I don't mean the cheesy, Hollywood-stereotyped, cocaine-laced, Alpha-person, short-fused, high burnout, megalomaniac version of Drive. That's the mask of ego that can only be worn so long before a person self-destructs. The Drive you need is a slow, steady burn. Drive is what keeps you writing long after the fickle Muse leaves you for someone else. Drive is the still, quiet voice in your soul that whispers, in spite of all circumstances, "Keep going."
Lots of people start screenwriting projects, but very few finish them. Many screenwriters loathe and fear the inevitable rejection that comes with the territory of being a writer, but in fact, it's not the rejection of others that stall out most screenwriting careers. Most screenwriters don't even make it far enough to send work out to be rejected. The greatest threat to a screenwriter's career is abandoning one's own project. Many writers simply give up. Many writers lack Drive.
Drive means that if you have an opportunity to learn or grow in your craft, you do it. You don't wait. You don't second guess it. You don't hope that some profound ability will manifest via osmosis or magic without training and practice. If you have Drive, you know that you must constantly invest in your education.
Drive means you write. You write when you don't feel like writing. You write when you know it's not working. You write when you don't have time to write.
Drive means you are in motion. You take steps (like writing) every day to further your goals. As the metaphor goes, you may not see far down the path, but so long as you put one foot in front of the other, you will go somewhere.
Drive means that you take charge of your own life. You don't blame circumstances for getting in the way of your goals.

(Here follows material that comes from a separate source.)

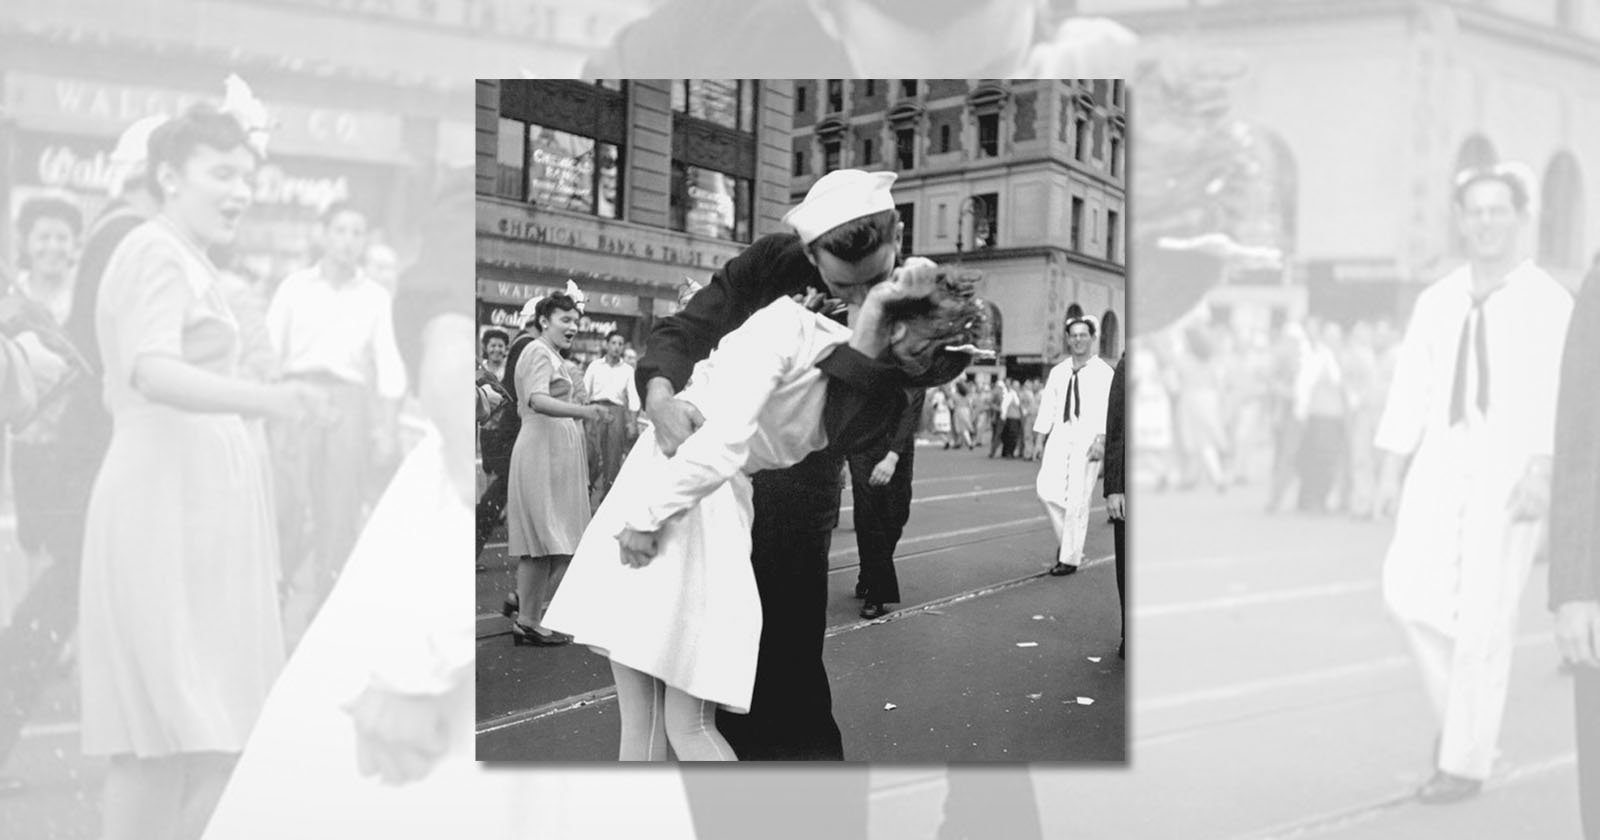 VA Backtracks on Plan to Ban Iconic V-Day Kiss Photo From Facilities
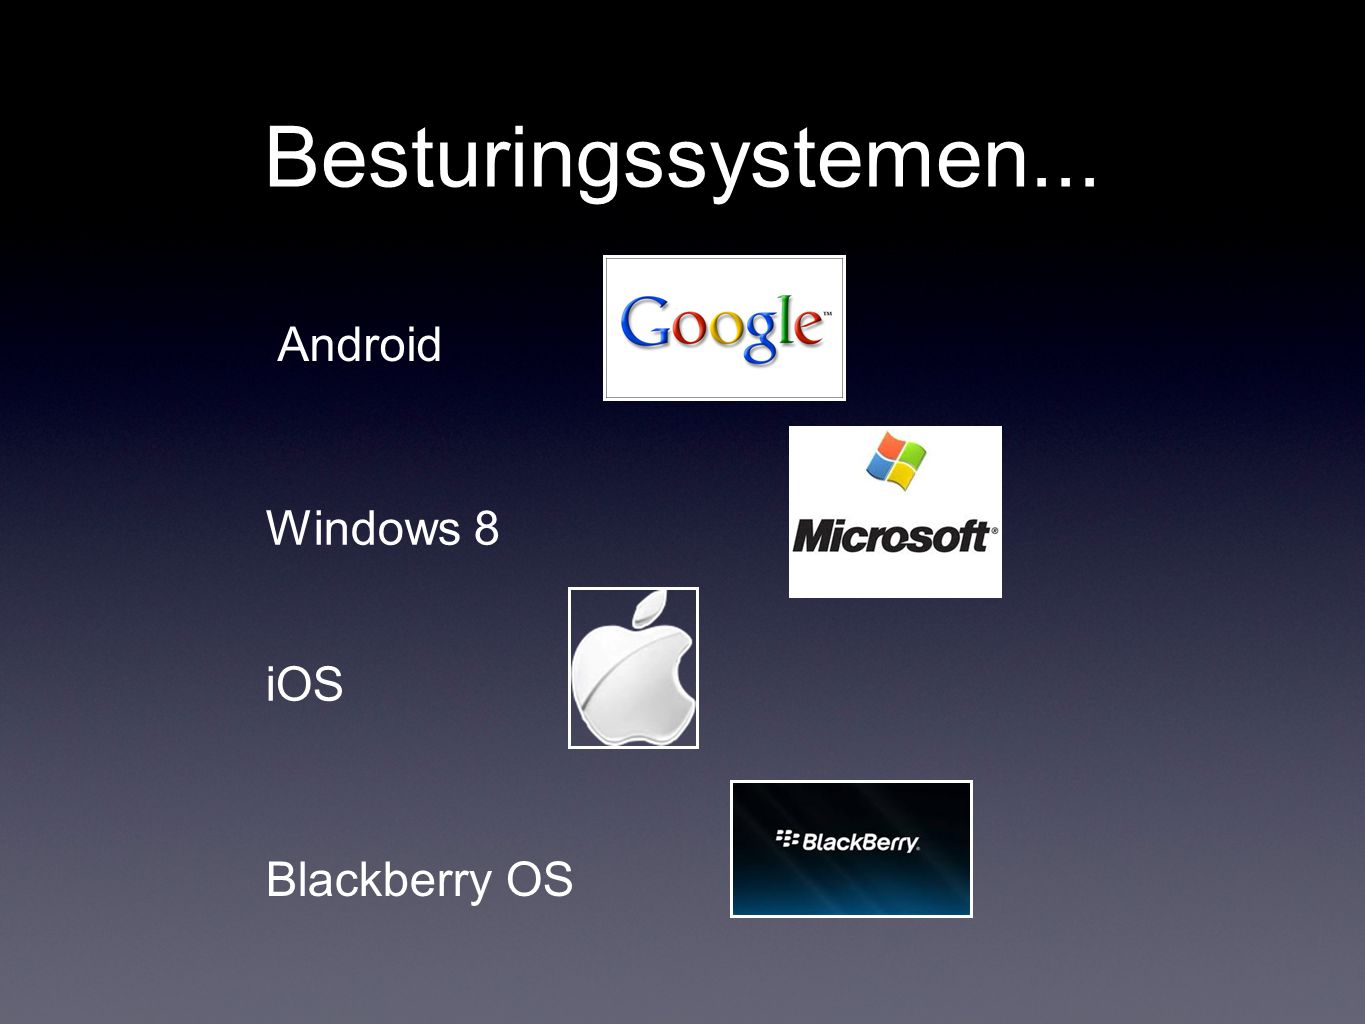 Besturingssystemen... Android Windows 8 iOS Blackberry OS

Drive means you work with the challenges you have. You find a way to make it work in addition to your other life responsibilities.
All writers have productive days and not-so productive days. Even the best succumb to what Steven Pressfield describes in his book, The War of Art, "The Resistance." The difference for writers who have Drive is they know that one unproductive day is just one lost battle. Drive means they are still winning the war. Drive is an accumulation of grace. So keep going. And when you're tired, keep going. And when you doubt you can go any farther, keep going. And when you feel like quitting, keep going. Just keep going.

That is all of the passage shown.